The process to follow will be:

1. Load file names for a given date (TODAY's date)

2. Compare these file names to our "log" files

3. If not in the "log" files, then look for the file in each one of the previous dates, starting from the earliest, until we find a match

4. For every match found, check that the HTML content is also equal (note that the same function does these both)

5. If a match is found, immediately stop and delete the current file, adding the original file to our log, if not already there

Note that we ONLY compare domain to domain - NO cross domain stuff

Note that we will initially read in the log files, add to them as we go, and then save at the end

In [5]:
# Start off by loading in the deletion logs
deletion_log = pd.read_csv(log_file)

# Date for testing
date_today = '2018_01_28'

In [6]:
deletion_log.head()

Unnamed: 0,File_name,File_path,Is_pickle


I think maybe could be running into an issue where, even though HTML is the "same", pulling it on different dates will give different metadata / adverts etc.

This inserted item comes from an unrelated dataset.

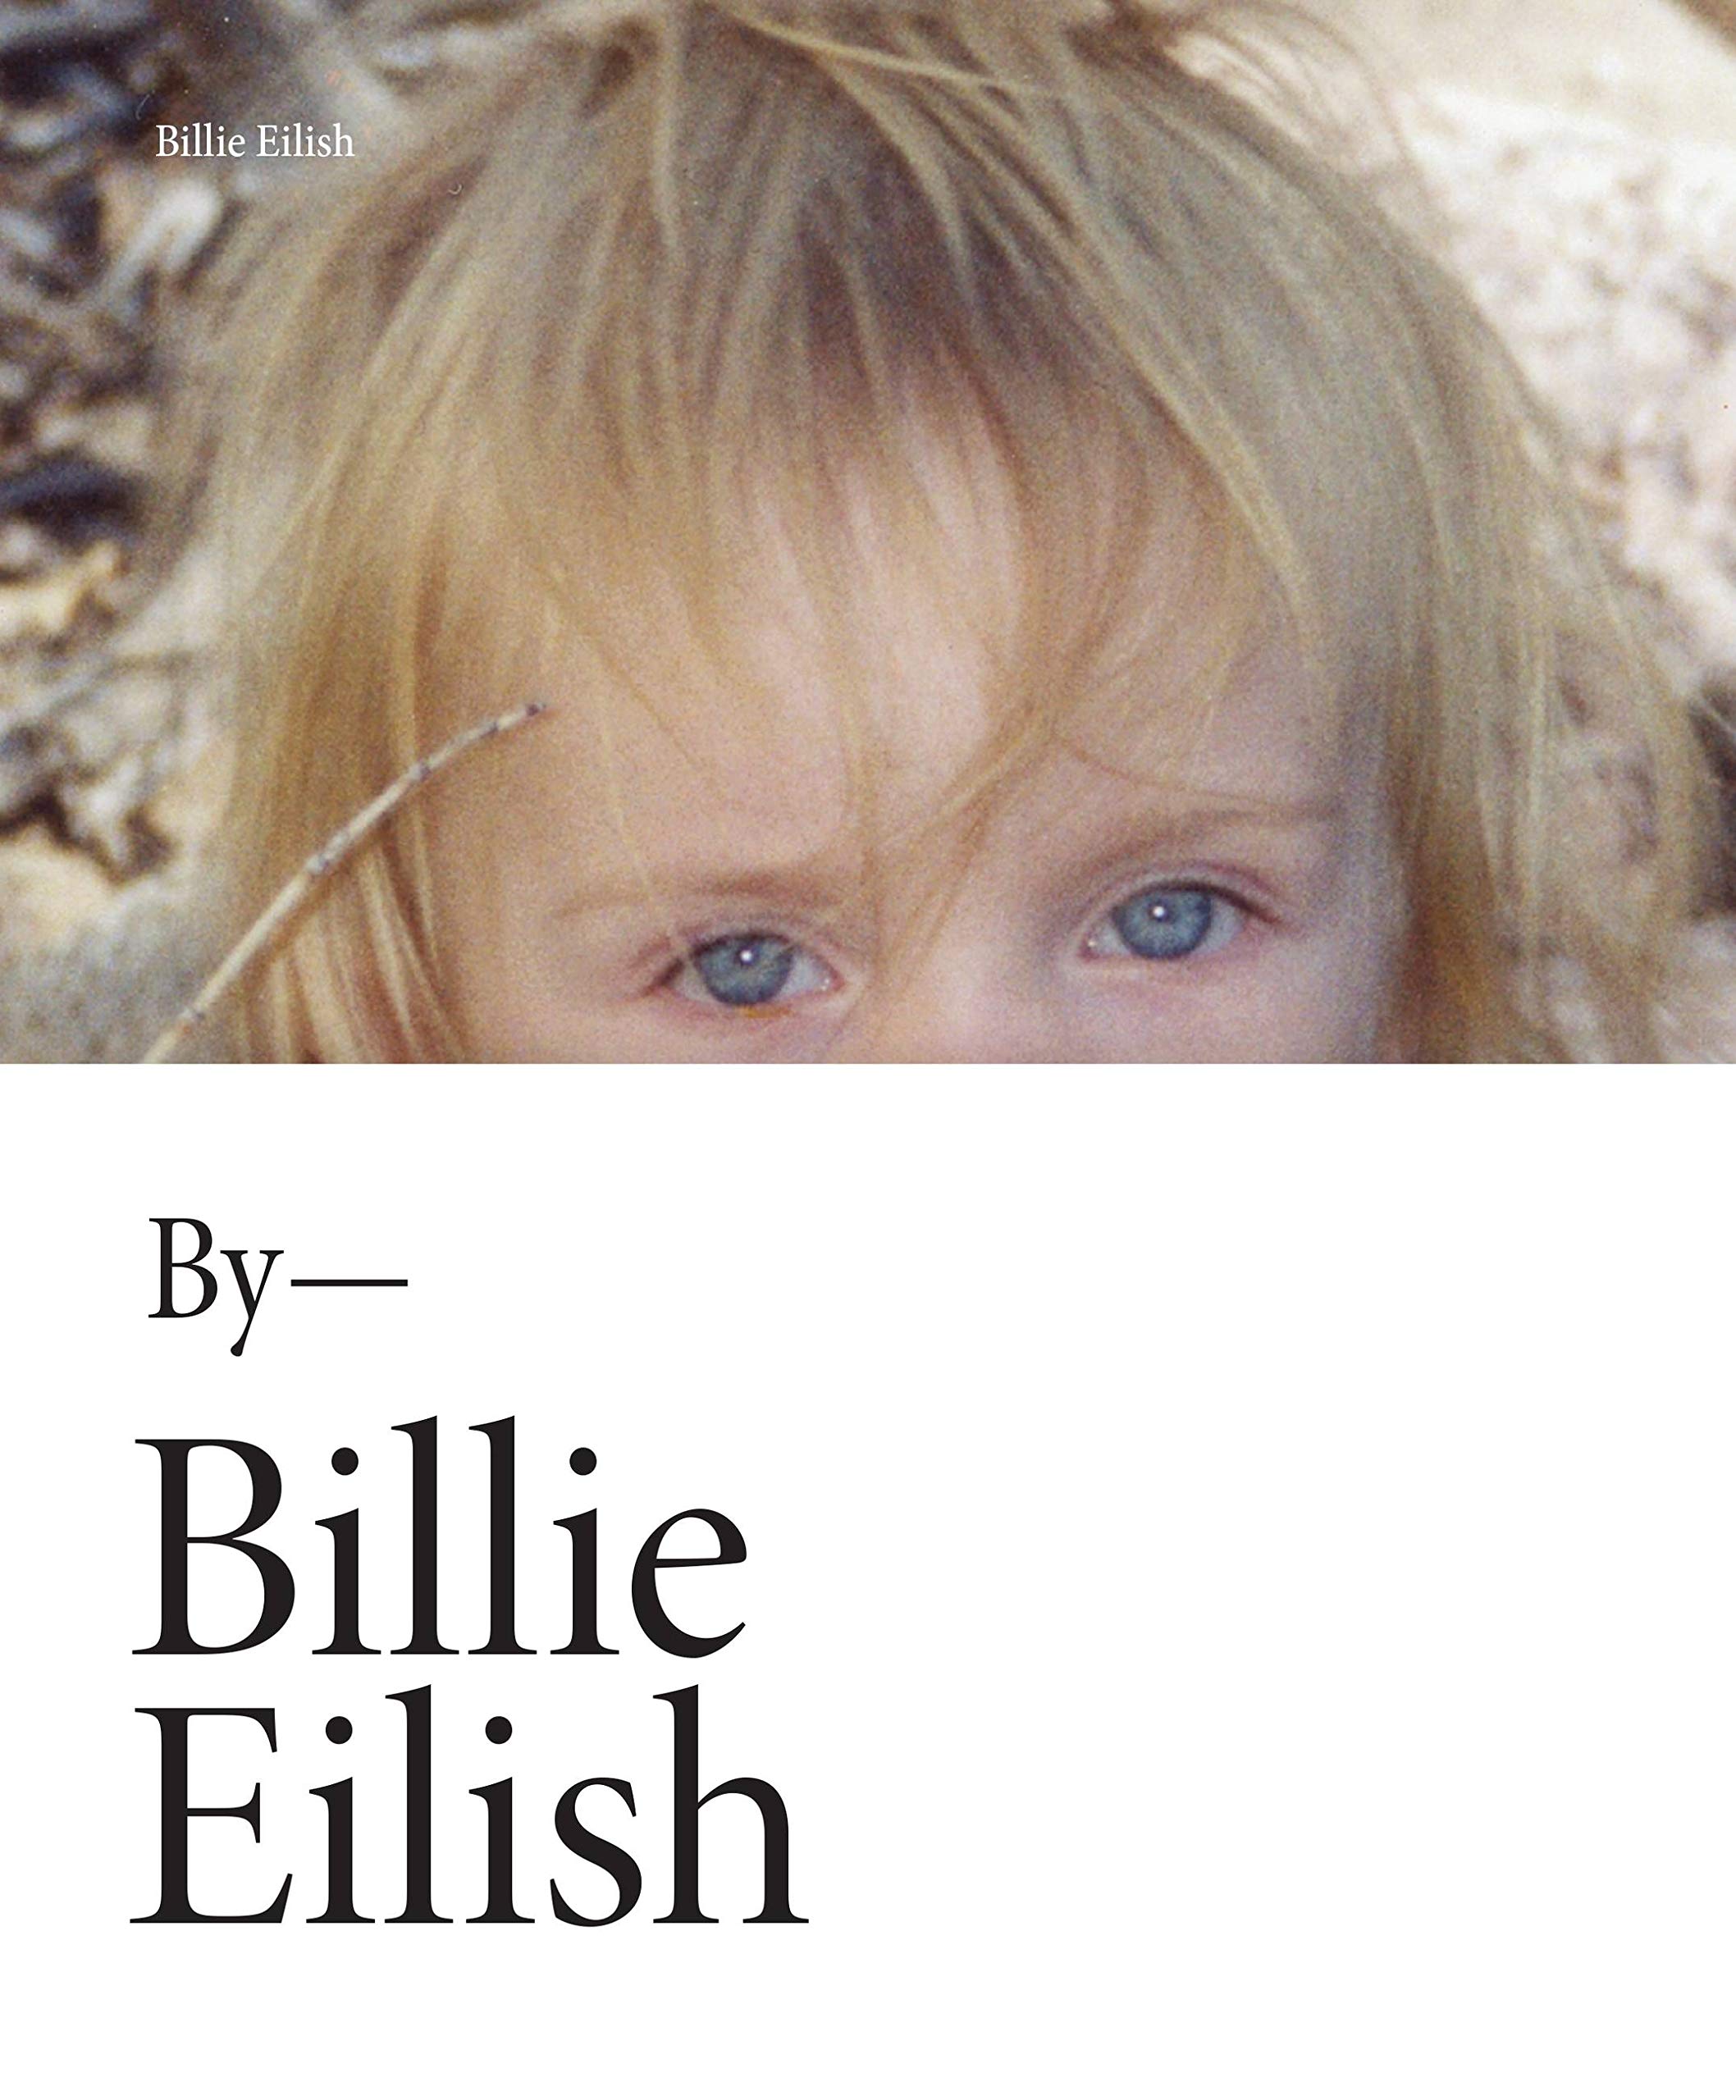 'Billie Eilish' by Billie Eilish

I think the pickle part is going OK

In [None]:
import os, pandas as pd

def delete_duplicates(search_loc, is_pickle, date_today, past_deletons, logger):
    '''
    Function for looking at currently saved files and delete them if they are duplicates of something already seen
    This will be carried out after saving HTML and getting headlines - focusing on not having to pull more HTML than necessary
    Search_loc is the key argument and should point directly to suburls, story_links, or pickle stories
    Past deletions should be a directory to where the deletions are located
    '''
    logger.info('Looking for files in:\n{}'.format(search_loc))
    
    # Search ever domain in the directory given to search through
    for domain in os.listdir(search_loc):
        logger.info('Looking at {}'.format(domain))
        
        date_loc = os.path.join(search_loc, domain, date_today)
            
        # The first part of the process is to grab all of the potential files up for deletion
        file_frame = pd.DataFrame({'Potential_file' : os.listdir(date_loc), 'Potential_path' : date_loc})
        
        logger.info('Will be looking at {} files'.format(file_frame.shape[0]))
        
        # Now the process of deletion is to look at the past deletions (if any) and then all dates that came before
        deletion_log = pd.read_csv(past_deletions)
        
        if deletion_log.shape[0] != 0:
            # Look at past deletions to do a quick compare and delete - do this by merging on file names
            deletion_candidates = file_frame.merge(deletion_log[deletion_log['Is_pickle'] == is_pickle], left_on = 'Potential_file', right_on = 'File_name')
            num_log_delete = deletion_candidates.shape[0]
            
            logger.info('Have found {} candidates to delete from our log'.format(num_log_delete))
            
            # So if we have something here, will delete, but won't update our log
            if num_log_delete != 0:
                deleted_candidates, _ = try_candidates(deletion_candidates, is_pickle, logger, domain)
                
                # Once we have deleted, will remove those files from our original list
                file_frame = file_frame[~ file_frame['Potential_file'].isin(deleted_candidates['Potential_file'])]
                
                logger.info('After deletion now have {} files left'.format(file_frame.shape[0]))
        
        # Then we will search through previous dates in that domain
        domain_loc = os.path.join(search_loc, domain)
        possbile_dates = os.listdir(domain_loc)
        valid_dates = sorted([possible_date for possible_date in possbile_dates if datetime.datetime.strptime(possible_date, '%Y_%m_%d') < datetime.datetime.strptime(date_today, '%Y_%m_%d')])
        
        logger.info('Have found {} dates to search through'.format(len(search_dates)))
        
        # Now we will loop through the dates and do a similar thing to the deletion log
        for deletion_date in possible_dates:
            logger.info('Now searching date {}'.format(search_date))
            delete_path = os.path.join(search_loc, domain, deletion_date)
            
            # Since we don't have a deletion log, make a "check" frame
            check_frame = pd.DataFrame({'File_name' : os.listdir(delete_path), 'File_path' : delete_path, 'Is_pickle' : is_pickle})
            
            logger.info('Comparing against {} files'.format(check_frame.shape[0]))
            
            # Then follow the same process and get the candidates
            deletion_candidates = file_frame.merge(check_frame, left_on = 'Potential_file', right_on = 'File_name')
            num_date_delete = deletion_candidates.shape[0]

            # Then delete
            logger.info('Have found {} candidates to delete from {}'.format(num_date_delete, deletion_date))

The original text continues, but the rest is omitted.